师孟冷哼一声,“是与非自在人心,你拿我母亲一个亡人来说事,你的礼教又在哪?你又何曾敬过一个亡人?”

一旁的鱼可漪怒不可遏地站起身来大喝一句:“鱼师孟!你再敢出言不逊,今日便叫你尝尝家法的滋味!”

鱼满氏的嘴角抽动了几下,怒火中烧地瞪着鱼师孟,她拼命忍住就要发作的气势,紧紧地抓着自己的袖口,厉声道:“你好歹是国公府的三小姐,我耐你不何,那就,家法伺候。”语罢,只见两个家奴径直走向玉秋将她按到在地上,玉秋吓得放声大哭,不停地挣扎了起来,可她的双手双脚被这两人分头抓住,丝毫动弹不得。

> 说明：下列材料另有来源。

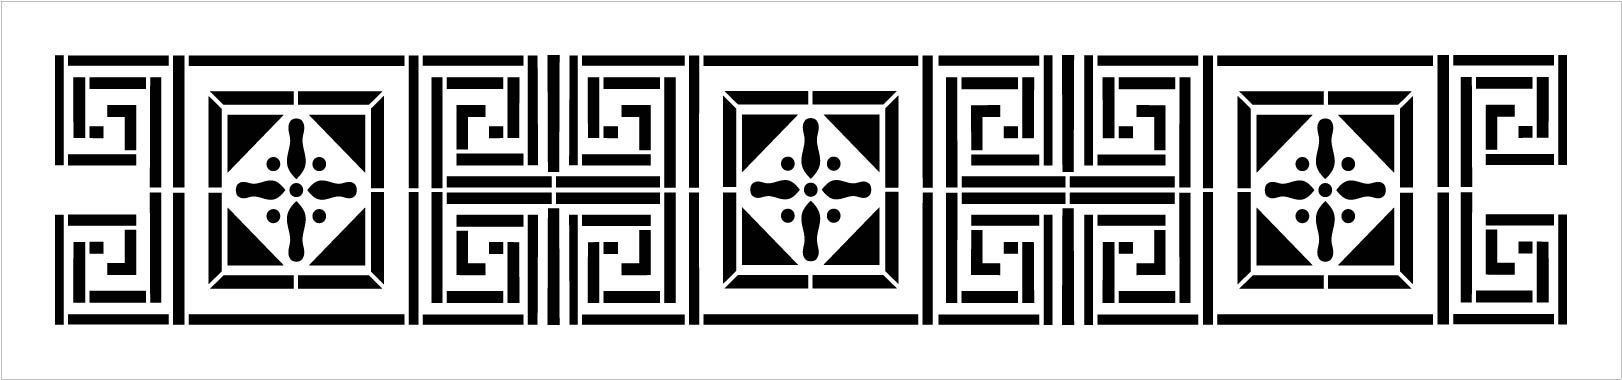 Meander Square Border Stencil by StudioR12   DIY Greek Pattern Backsplash Home Decor   Craft & Paint Wood Sign   Reusable Mylar Template   Select Size

“你们干什么!”师孟大惊之下刚要起身又被系娘死死按住,她心急如焚,也不知哪来的力气大力将系娘撞开,起身冲向玉秋。

鱼满氏淡淡地道:“你去。”

廊外的一个府兵比师孟的动作更快上前,腰上悬挂的刀刮得盔甲作响,听得人心悸悸,他拦下师孟,强行将她按住。

师孟咬牙挣扎无果,一双冷眸看着鱼满氏,“是我要出去的,你冲我来就是了!”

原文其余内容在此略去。